[SUPPLIED INFORMATION]

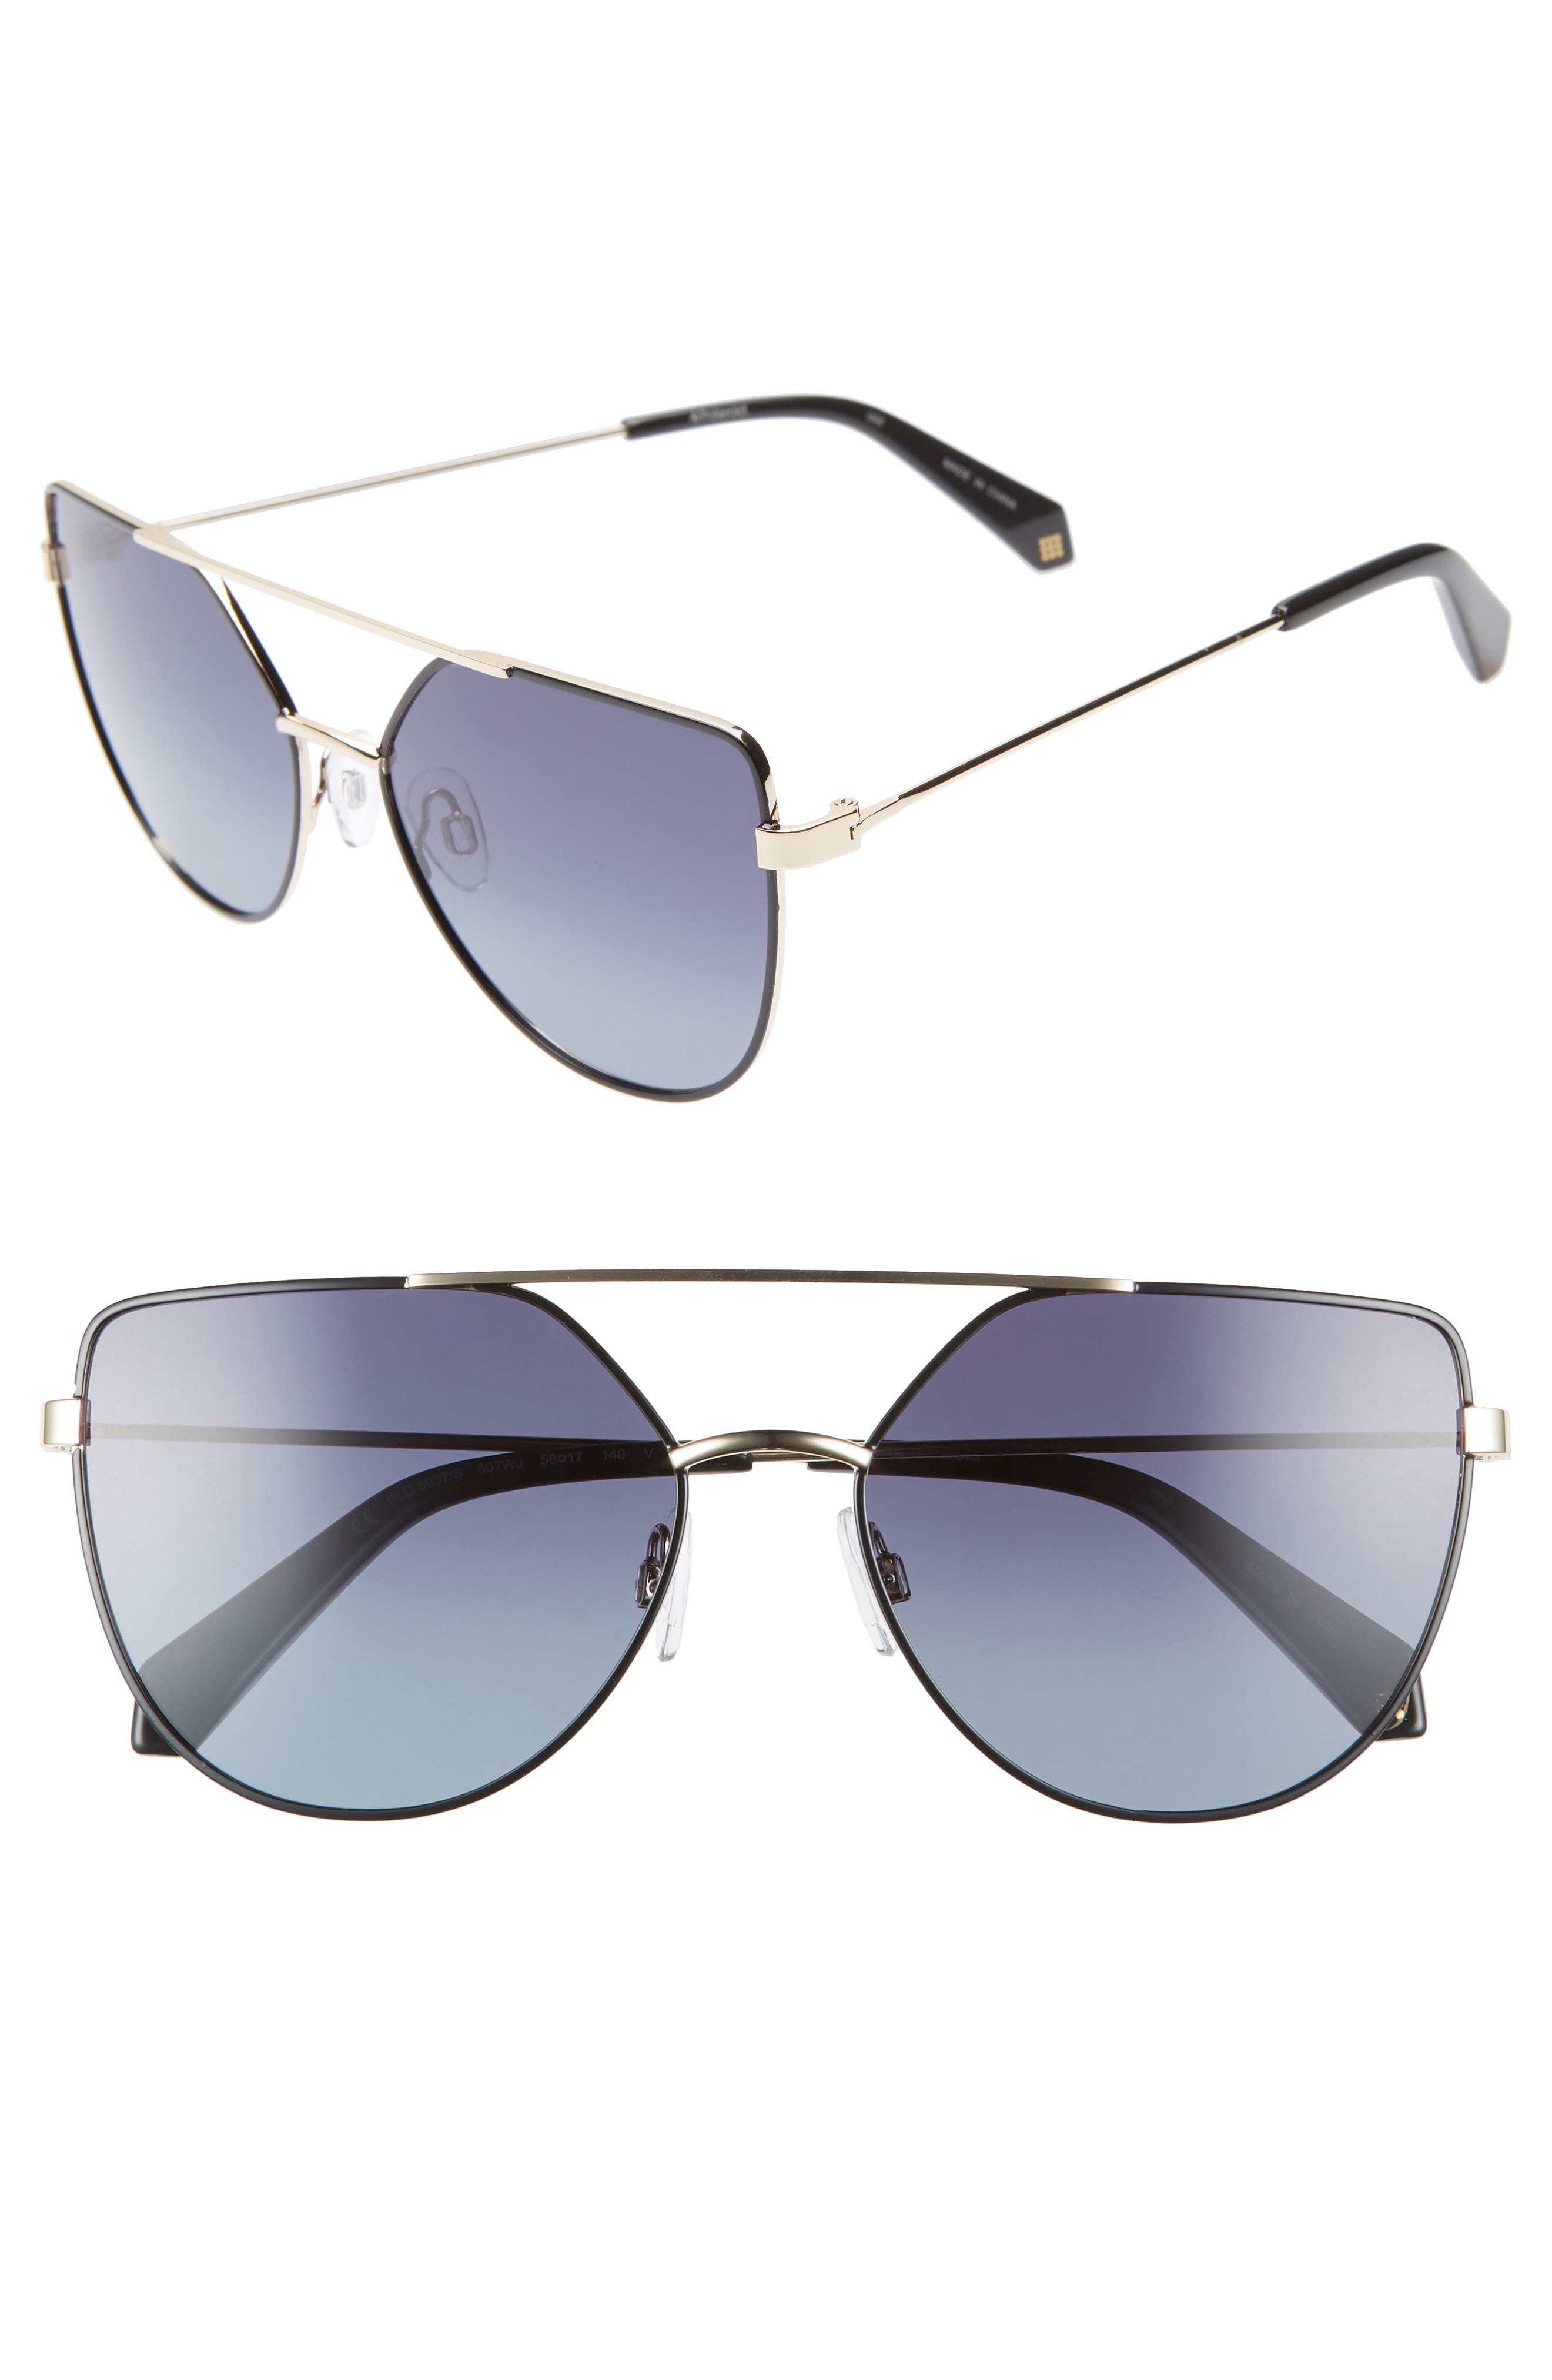 Polaroid 5m Polarized Sunglasses -
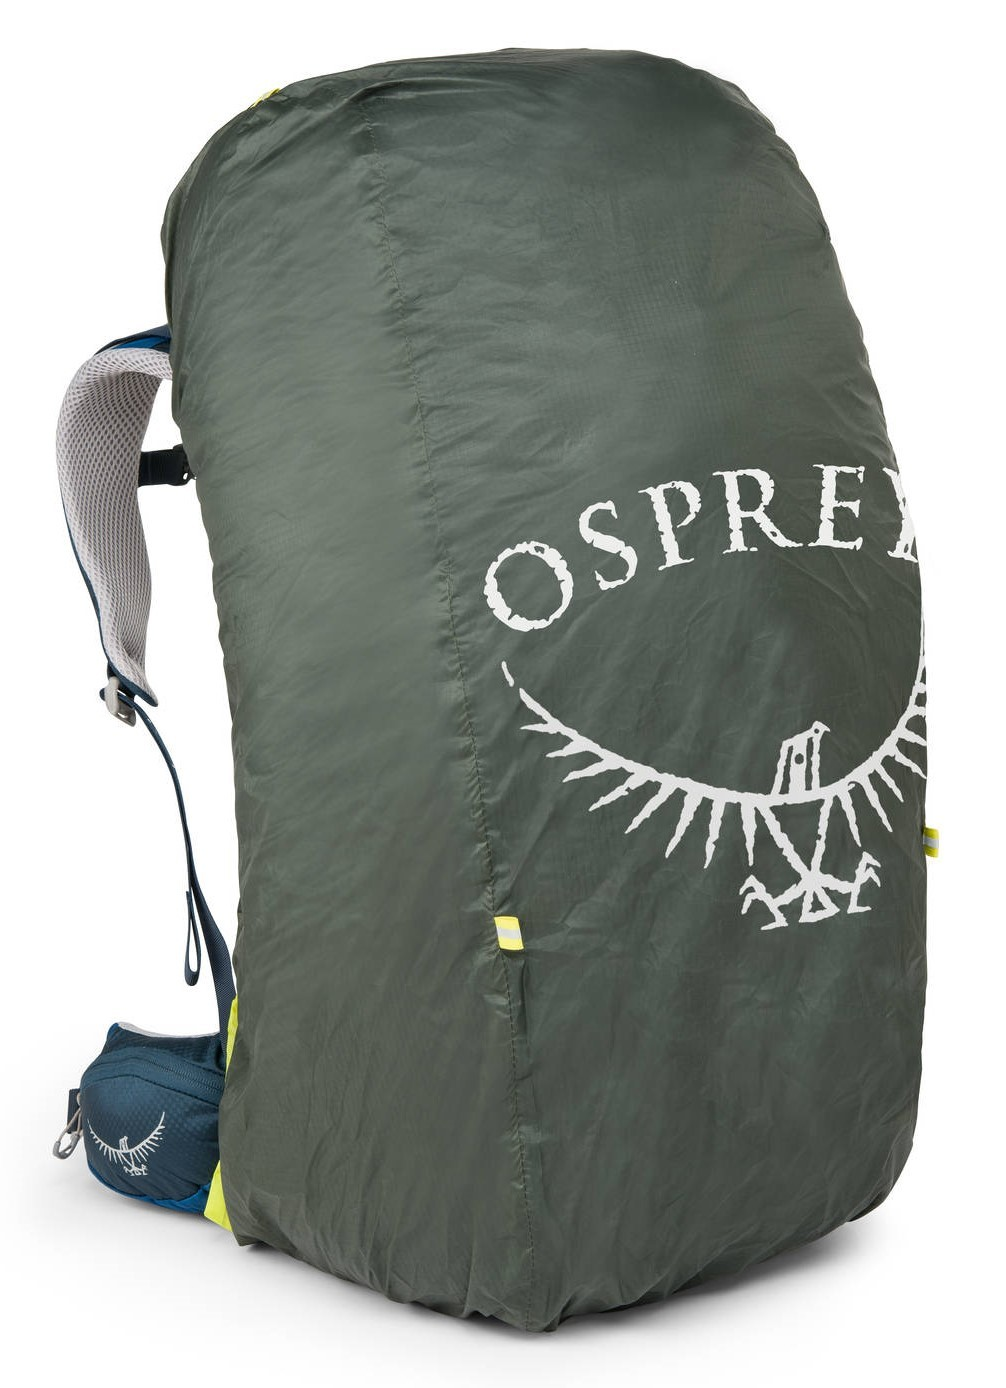 Аксессуары Чехол от дождя Osprey Ultralight Raincover M (30-50 л) UL_Raincover_Side_Shadow_Grey_web.jpg
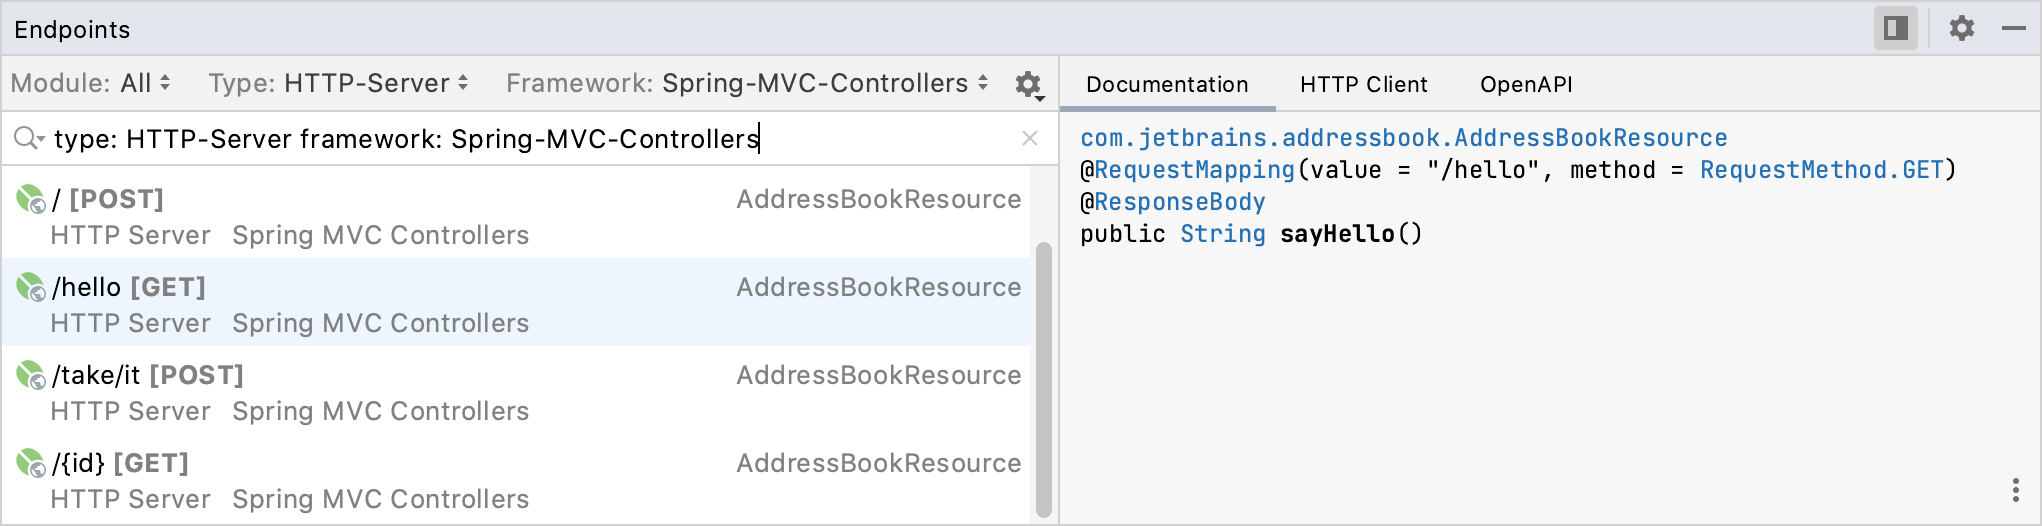 Endpoints tool window: Documentation tab

[/SUPPLIED INFORMATION]

■ INSTRUCTIONS FOR THE TASK: When you repeat the material above, keep every word exact and leave out the pictures.

■ YOUR SOLUTION:
 Polaroid 5m Polarized Sunglasses -
 Аксессуары Чехол от дождя Osprey Ultralight Raincover M (30-50 л) UL_Raincover_Side_Shadow_Grey_web.jpg
 Endpoints tool window: Documentation tab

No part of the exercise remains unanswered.